Now to be fair, I learned some C++ in high school (nothing beyond algorithms
and solving math problems by coding though), and I think I learned HTML in 7th
grade and also touched Javascript in high school, so I had a "base start", but
then went on to a whole different field and turned back to coding about 8
years later.

EDIT+: And there's no reason you won't create the "next Facebook or Twitter",
at pre-scaling stage they were both very simple technically speaking, what one
could learn in a couple years starting from absolute zero, no need for
Stanford level CS knowledge here... if you have a great idea (99.9...% of
people _don 't_, even if they think they do!) you can turn it into a prototype
and then turning the prototype into a real business can be more about business
skills not coding skills, because an interesting idea that brings profit will
always be scalable because you will be able to hire smart people to scale it
for you. And at the end of the "day" it will be your choice whether you'll
decide to play on the business side or coding side more.

------
krapp
I'm 36 and more or less in the same boat. In a few years' time I've managed to
start making money fixing up javascript, making custom themes and plugins for
wordpress, and I set up a github account. It's definitely doable. Just get
something _out_ , get some projects, network with people. I have yet to
actually meet anyone who cares about age... they're probably not going to
unless they're like 20, or you're 80. Don't let your age stop you.

------
pavs
I am not the same boat as your, couple of years younger and recently started
with php. Well I am not there yet, one month in to my serious attempt (I have
tried several time not-too-seriously), I can say and feel that its definitely
possible to learn to code in a single language in a reasonable time.

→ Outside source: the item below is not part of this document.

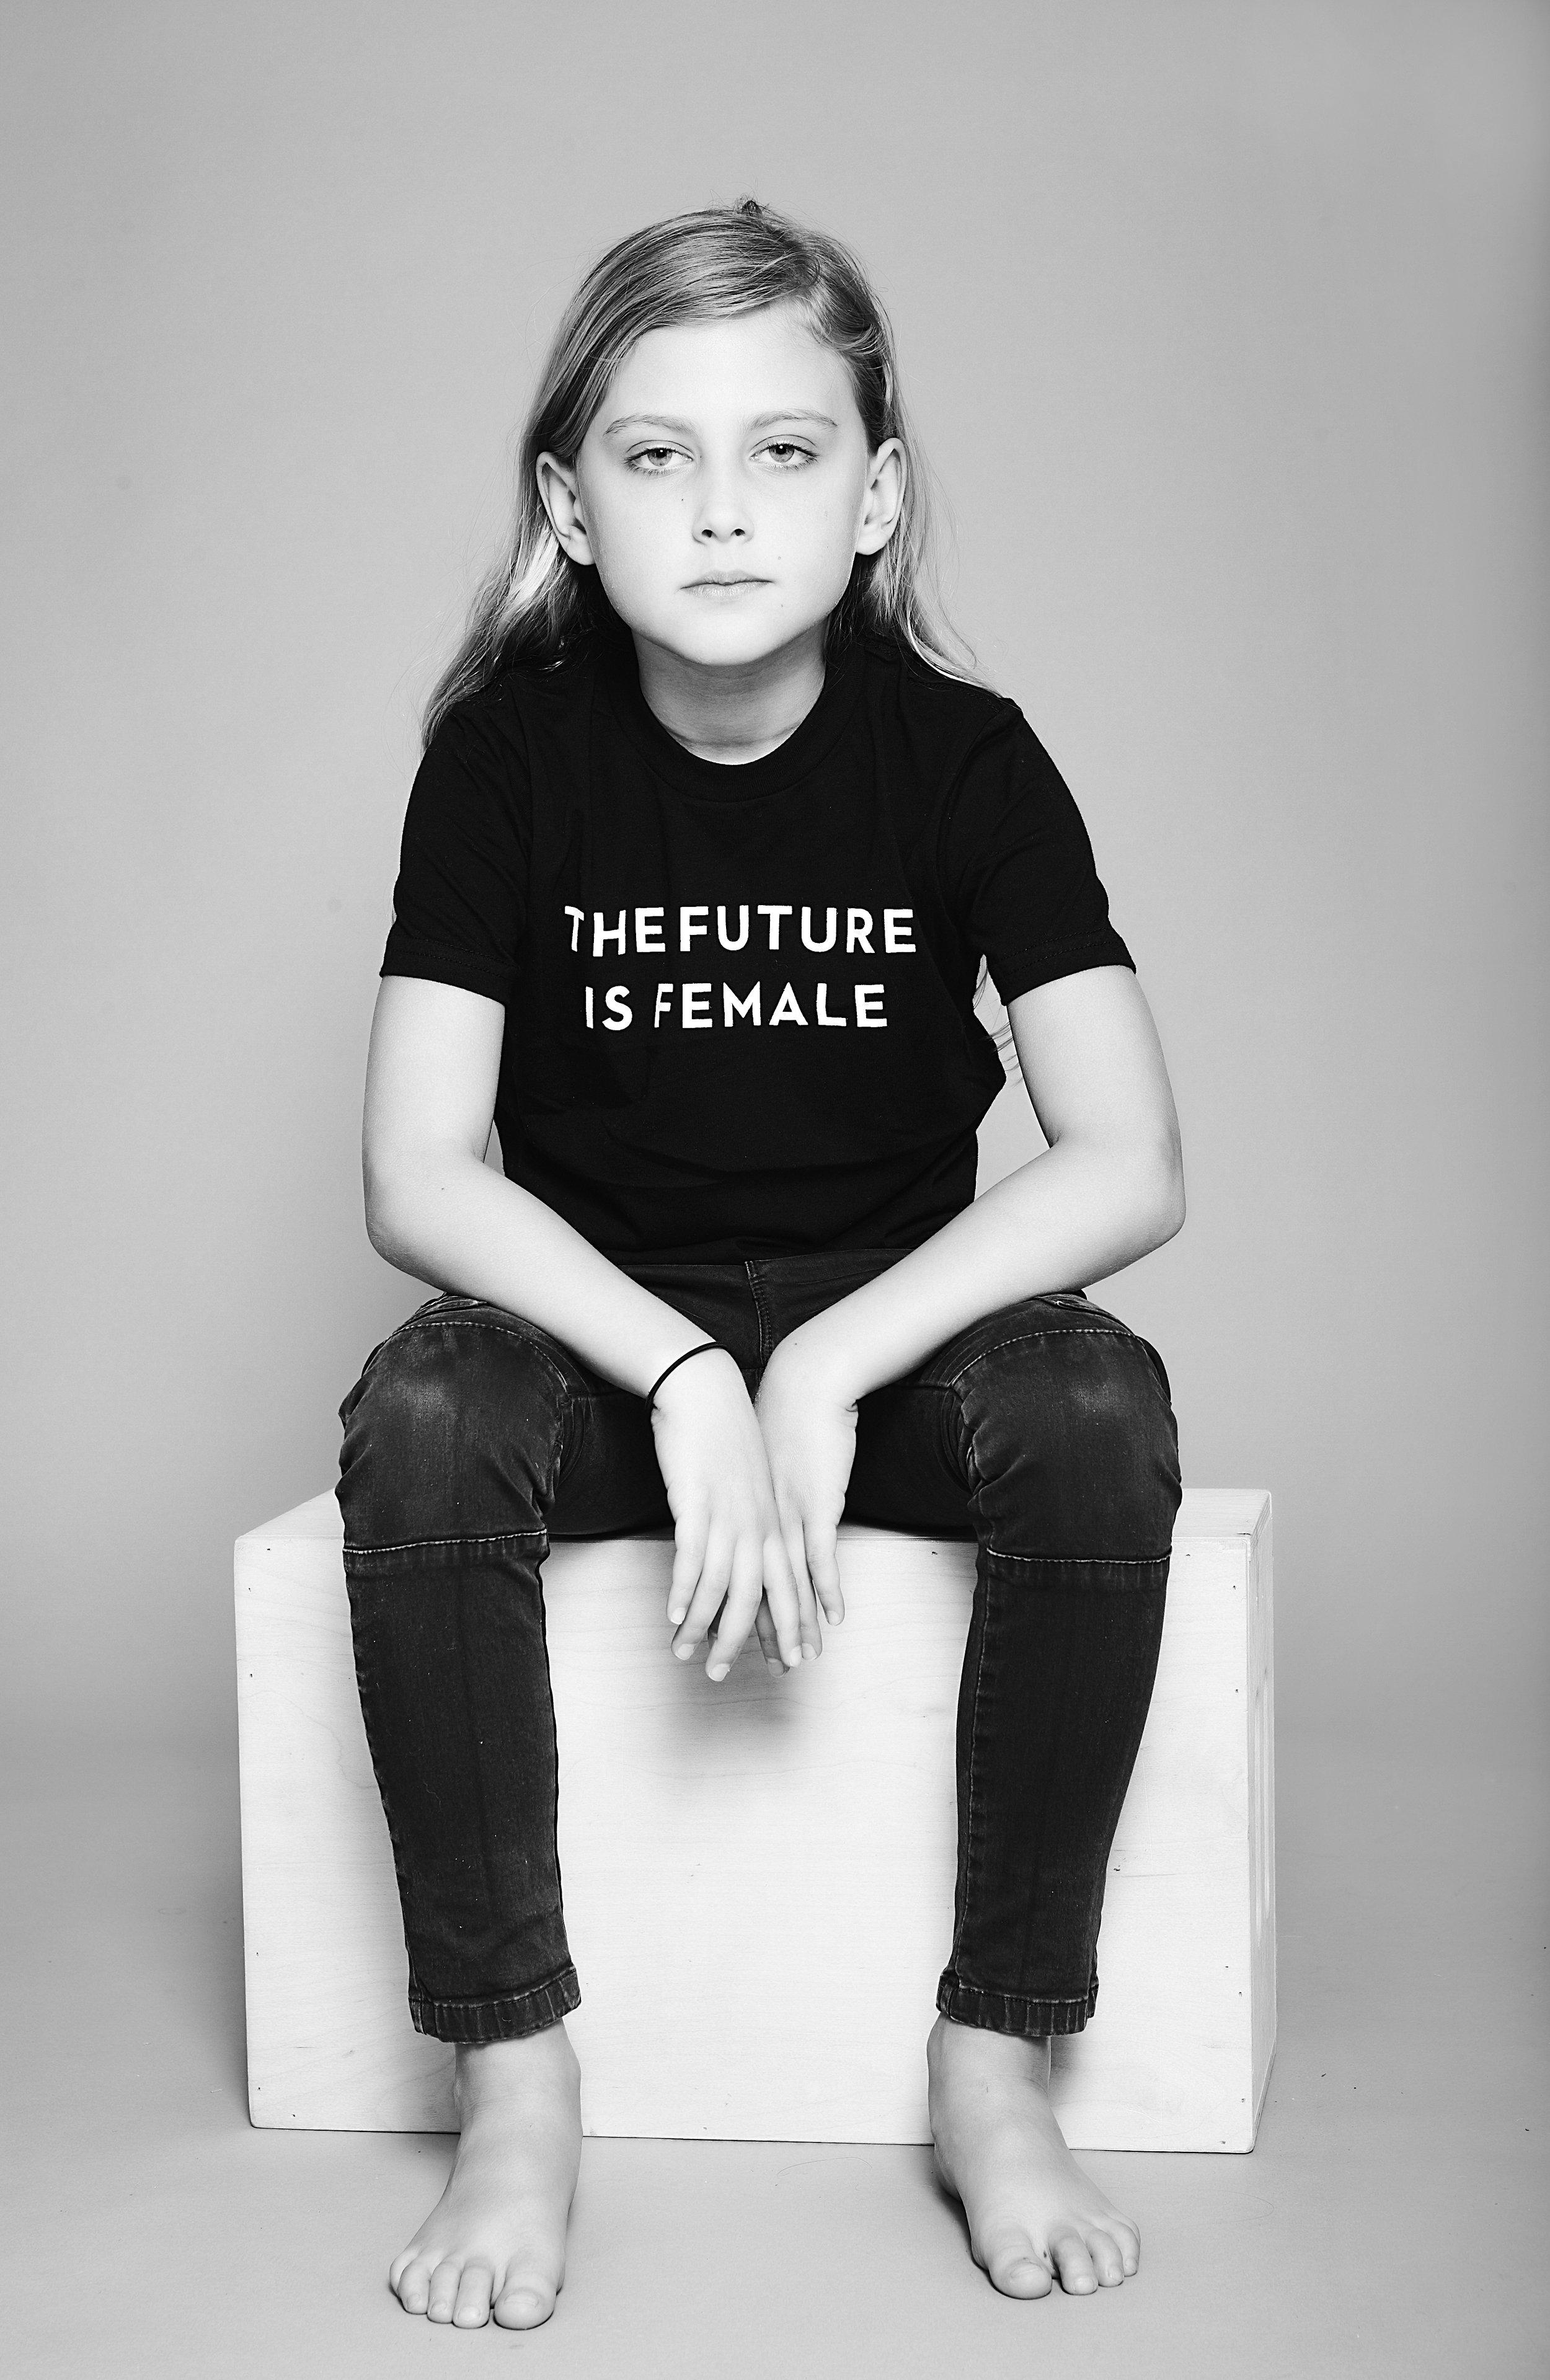 2017_the_future_is_female_012_bw_r.jpg

I think it boils down to your attitude towards it and how much you are
motivated to learning. I spend only about 1-2 hours every other day. One of
the mistakes I made was trying to decide which language to learn first, I
would say it matter very little; the reason I decided to try PHP (despite
having many naysayers), because of huge size of its community, easy access to
free materials on the web and get any kind of help I want to and also because
how relatively easy it is to learn PHP. I also looked in to other programming
languages a bit (code snippets) and general impression I get is that once you
have a good understanding of one programming language its very easy to pick up
other programming language (yes, even with php), because despite its
differences the general idea behind most programming language is the same.

I would also spend a week or so to learn git/github even if your are coding by
yourself and learning very rudimentary stuff.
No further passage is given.